BEGIN DATA EXCERPT

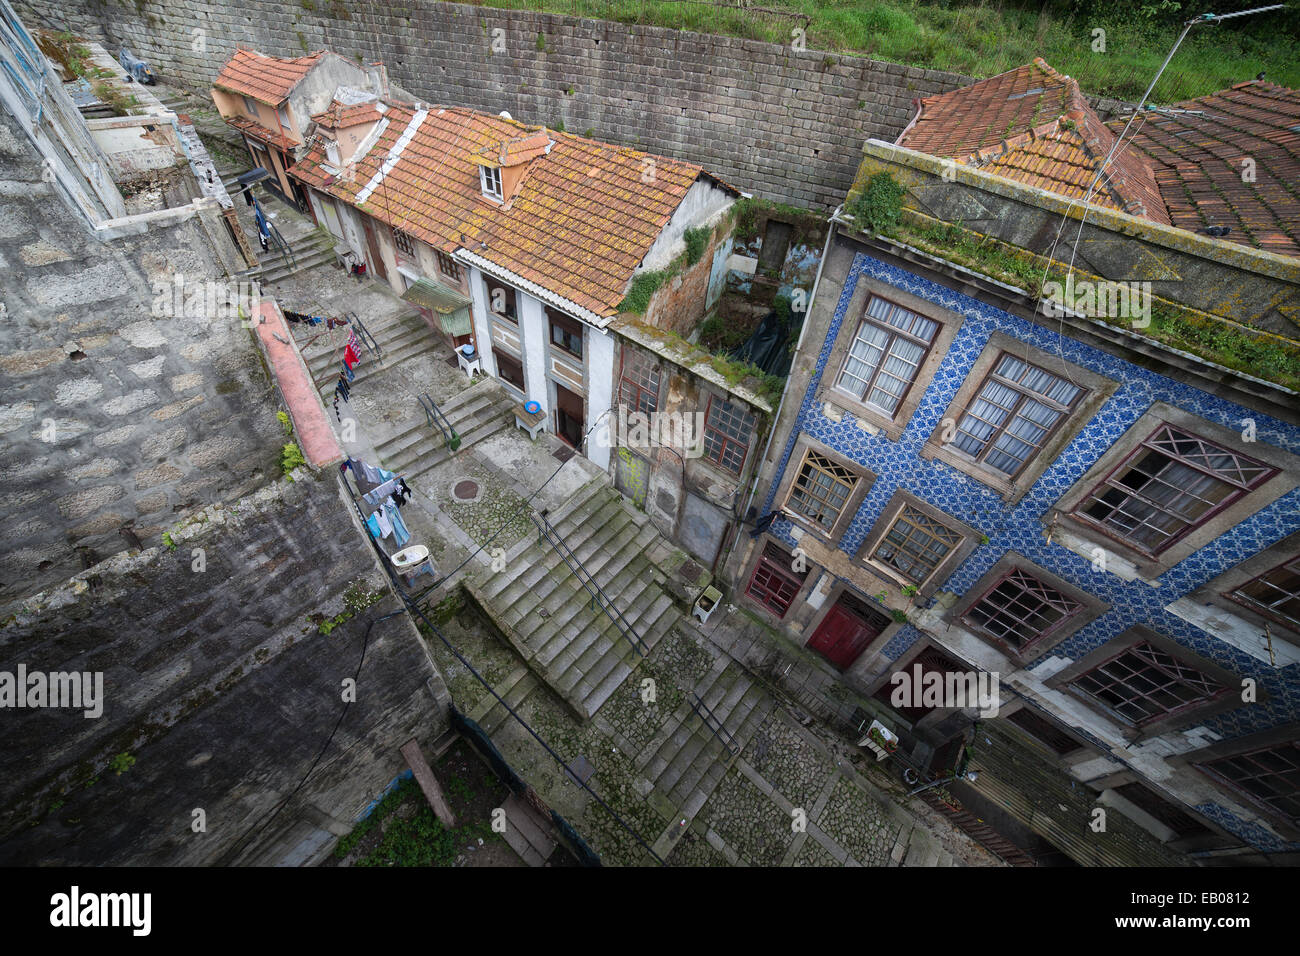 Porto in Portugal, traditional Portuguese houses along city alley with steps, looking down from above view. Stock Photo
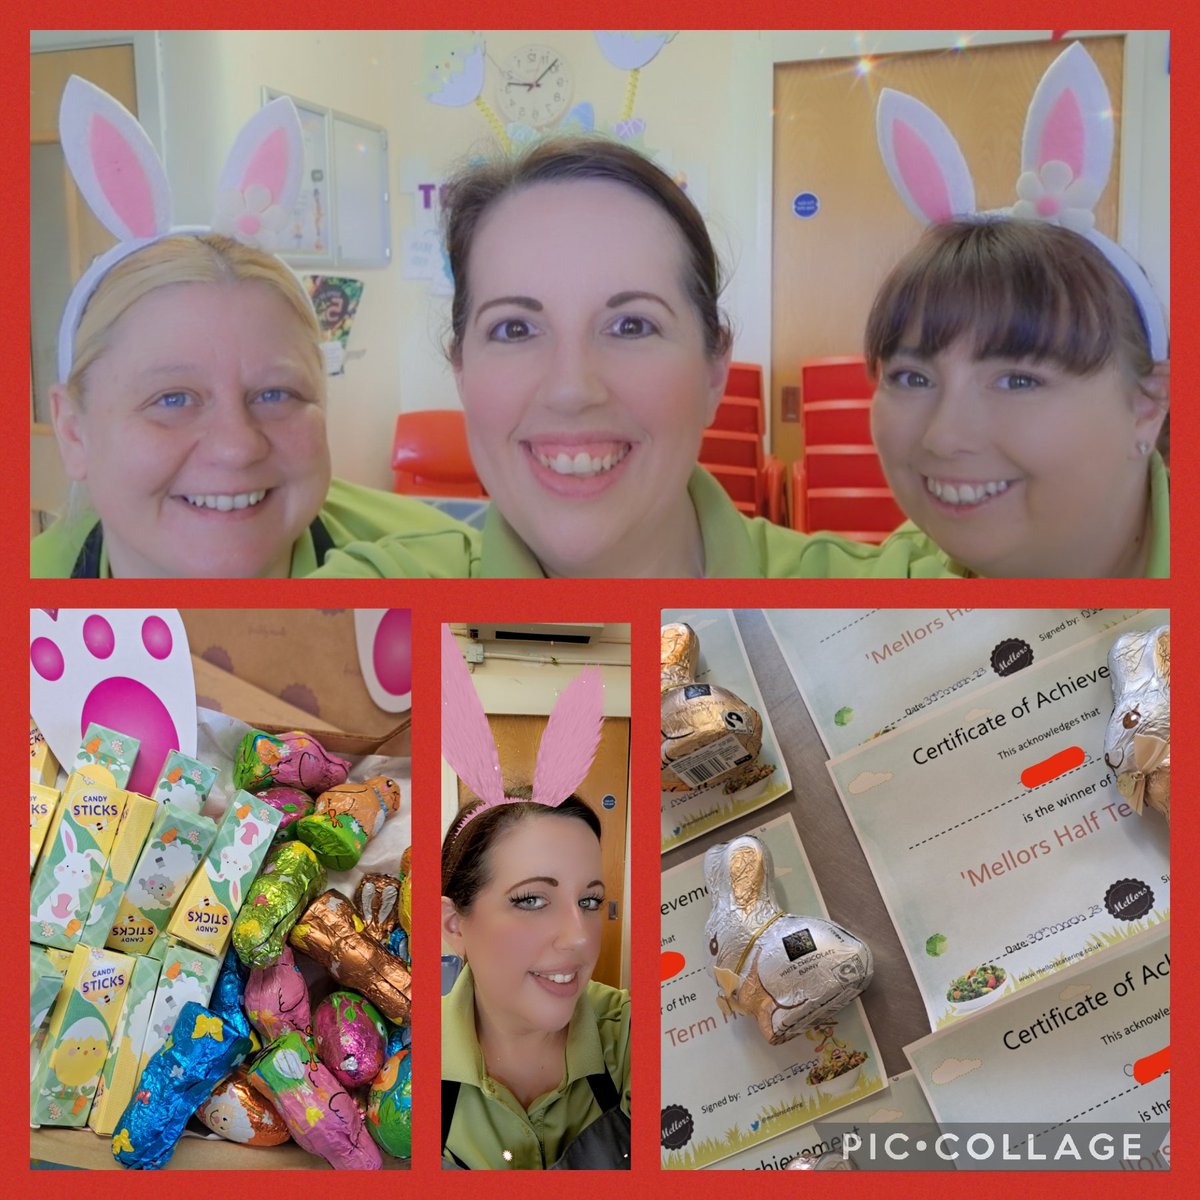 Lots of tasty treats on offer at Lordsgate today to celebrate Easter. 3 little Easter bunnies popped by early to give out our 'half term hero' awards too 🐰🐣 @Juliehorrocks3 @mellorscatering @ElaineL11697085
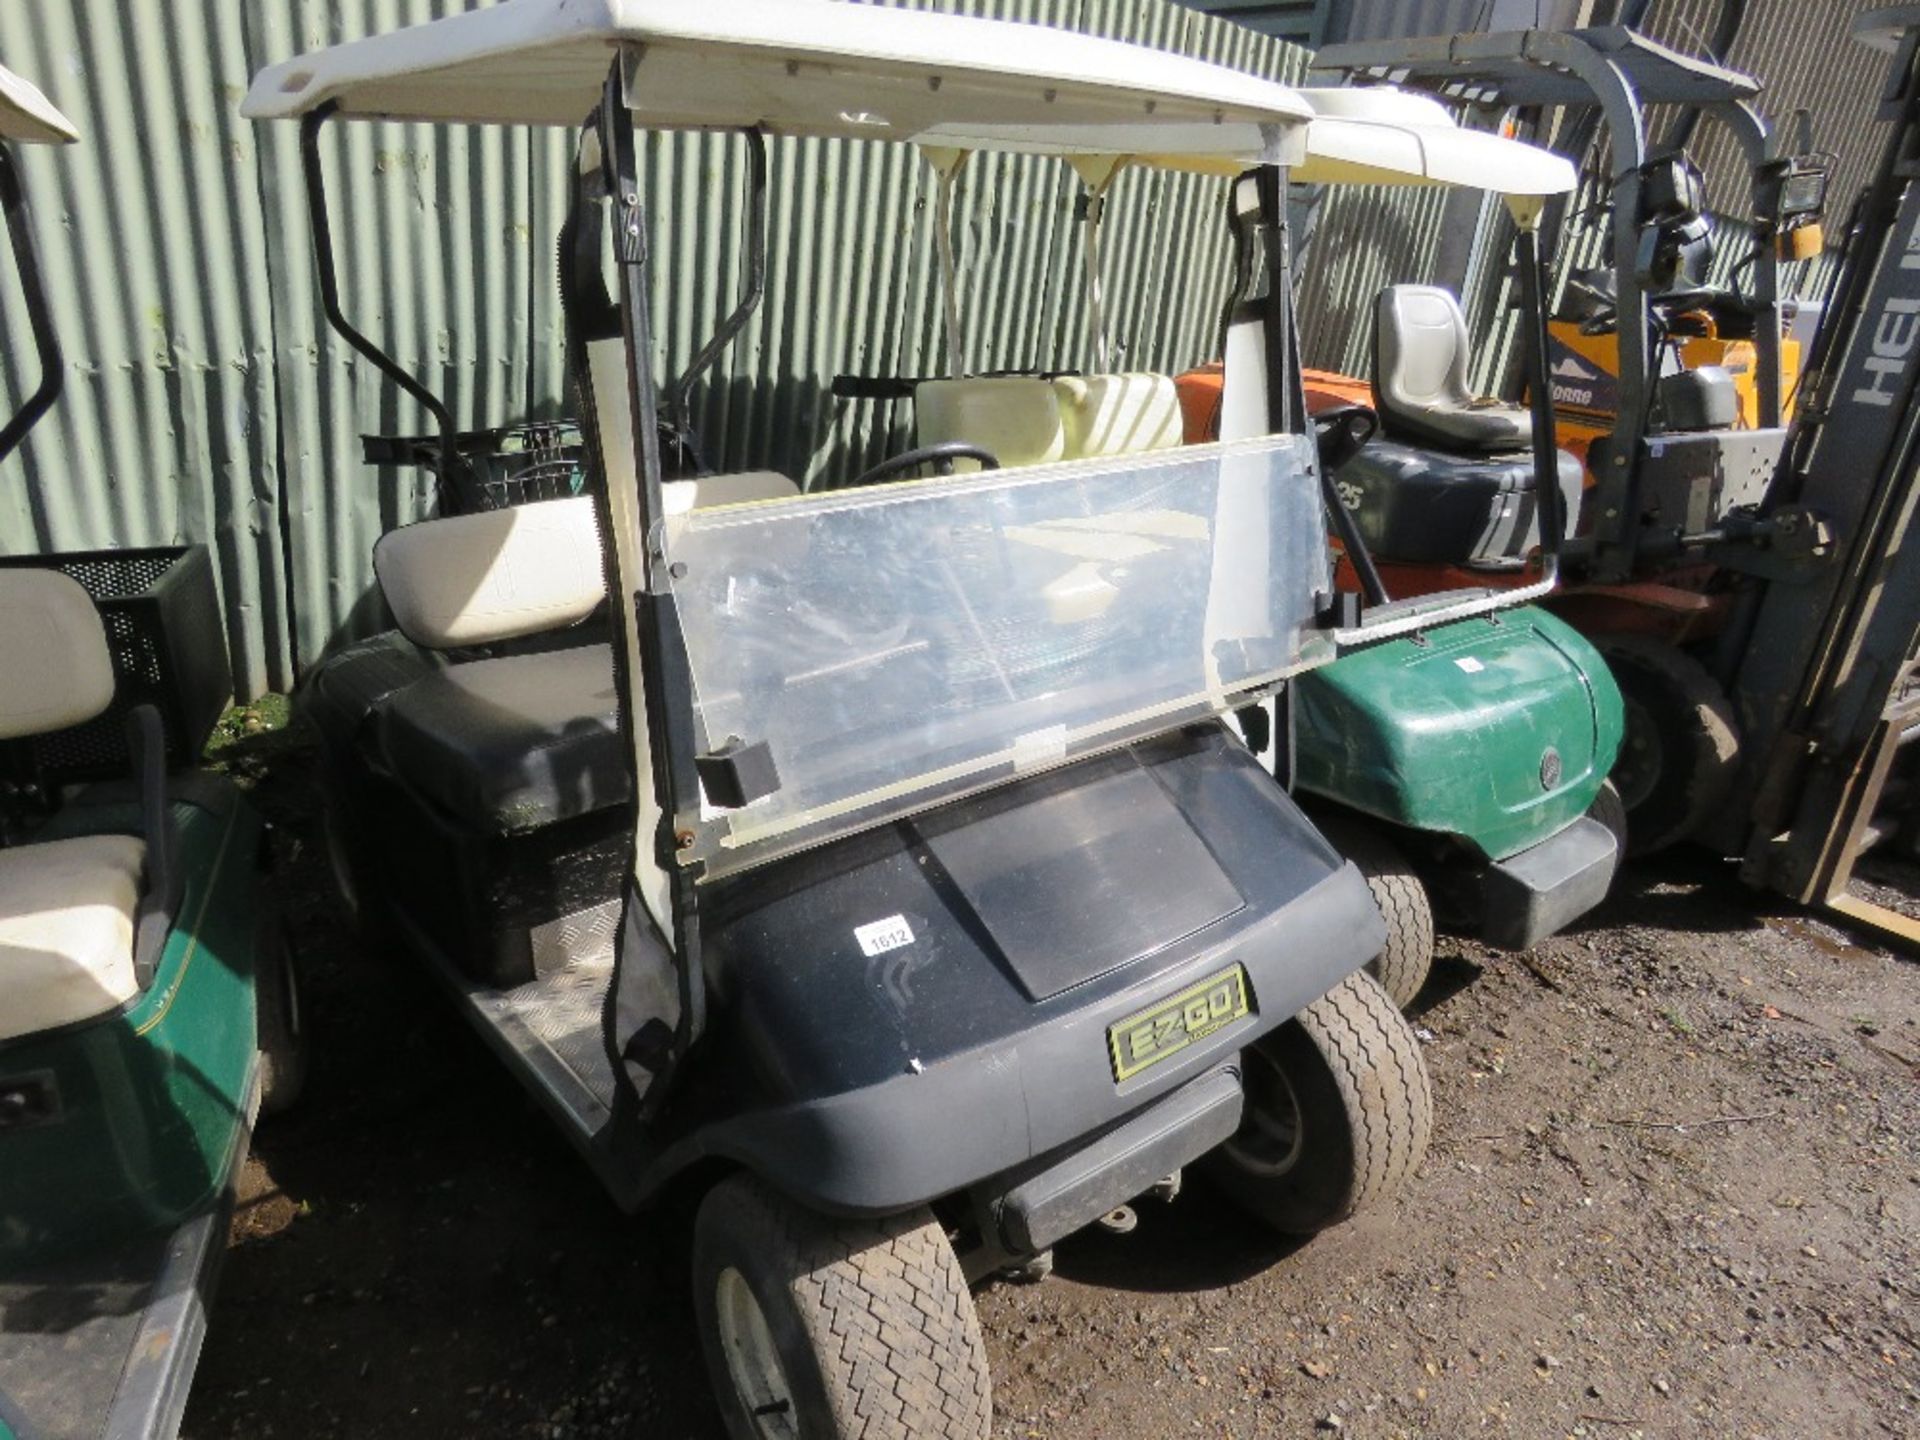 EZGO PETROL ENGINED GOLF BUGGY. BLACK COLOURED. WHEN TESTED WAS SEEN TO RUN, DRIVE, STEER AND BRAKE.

END DATA EXCERPT

Set out the material once more, exact in every line, with no images.

 Porto in Portugal, traditional Portuguese houses along city alley with steps, looking down from above view. Stock Photo
 Lots of tasty treats on offer at Lordsgate today to celebrate Easter. 3 little Easter bunnies popped by early to give out our 'half term hero' awards too 🐰🐣 @Juliehorrocks3 @mellorscatering @ElaineL11697085
 EZGO PETROL ENGINED GOLF BUGGY. BLACK COLOURED. WHEN TESTED WAS SEEN TO RUN, DRIVE, STEER AND BRAKE.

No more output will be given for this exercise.